The Clausius-Clapeyron Equation — Derivation & Applications
The Clausius-Clapeyron equation relates the slope of a coexistence curve to measurable thermodynamic quantities. It is one of the most powerful exact results in classical thermodynamics.
Exact Clausius-Clapeyron Equation
Along any phase boundary the chemical potentials are equal: $\mu^\alpha = \mu^\beta$. Differentiating while staying on the boundary:
$$dG_m^\alpha = dG_m^\beta \implies -S_m^\alpha dT + V_m^\alpha dp = -S_m^\beta dT + V_m^\beta dp$$ $$\boxed{\frac{dp}{dT} = \frac{\Delta_{\alpha\to\beta} S_m}{\Delta_{\alpha\to\beta} V_m} = \frac{\Delta_{\text{trs}} H}{T\,\Delta_{\text{trs}} V_m}}$$Liquid-Vapour Boundary — Approximate Form
For the liquid-vapour transition, $V_m(\text{gas}) \gg V_m(\text{liq})$ and treating vapour as ideal ($V_m^g = RT/p$):
$$\frac{dp}{dT} = \frac{p\,\Delta_{\text{vap}}H}{RT^2}$$Rearranging and integrating from reference point $(T_1, p_1)$ to $(T_2, p_2)$:
$$\ln\frac{p_2}{p_1} = -\frac{\Delta_{\text{vap}}H}{R}\left(\frac{1}{T_2}-\frac{1}{T_1}\right)$$Solid-Liquid Boundary
Both phases are condensed; $\Delta V_m$ is small and roughly constant.

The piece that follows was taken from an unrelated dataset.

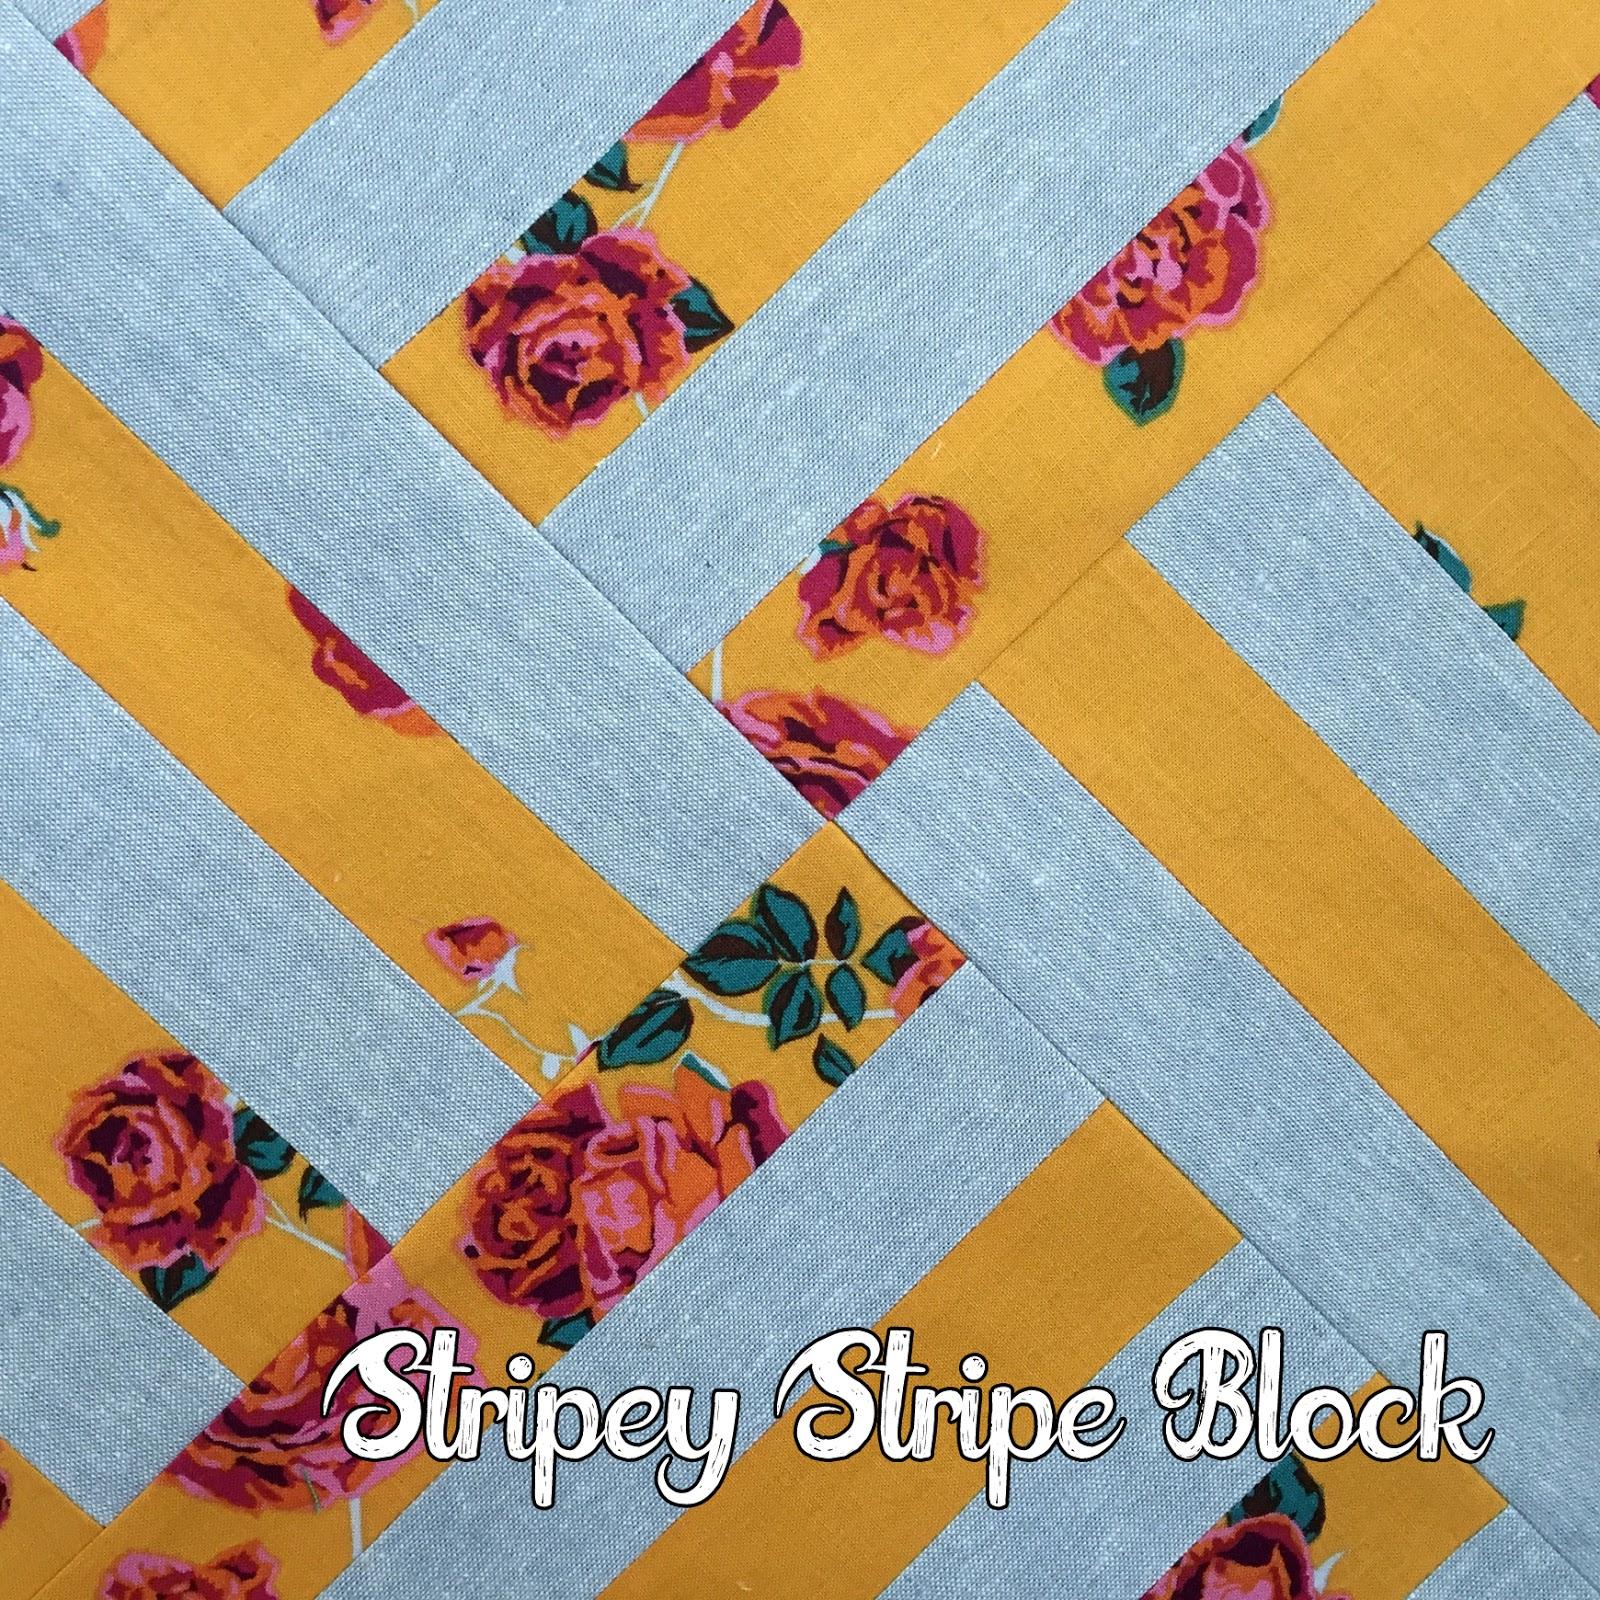 http://hotpinkquilts.blogspot.com/2017/04/stripey-stripe-block-tutorial.html

Integrating the exact equation:
$$p_2 - p_1 = \frac{\Delta_{\text{fus}}H}{T_{\text{fus}}\,\Delta_{\text{fus}}V_m}(T_2 - T_1)$$For water: $\Delta_{\text{fus}}H = 6.01$ kJ/mol, $\Delta_{\text{fus}}V_m = -1.63\times10^{-6}$ m³/mol (note: negative! ice is less dense), $T_{\text{fus}} = 273.15$ K, giving $dp/dT \approx -13.5$ MPa/K. Increasing pressure by 1 atm lowers the melting point by only 0.0075 K — skating on ice does not melt the ice by pressure alone.
Applications
- Vapour pressure elevation: predict $p(T)$ from one measured data point and $\Delta_{\text{vap}}H$.
- Boiling point at altitude: lower $p$ means lower boiling point ($\sim$95°C at 3000 m elevation).
- Freeze-drying: operate below the triple point pressure to sublime water directly.
- Pressure-cooking: higher $p$ raises boiling point, accelerating cooking.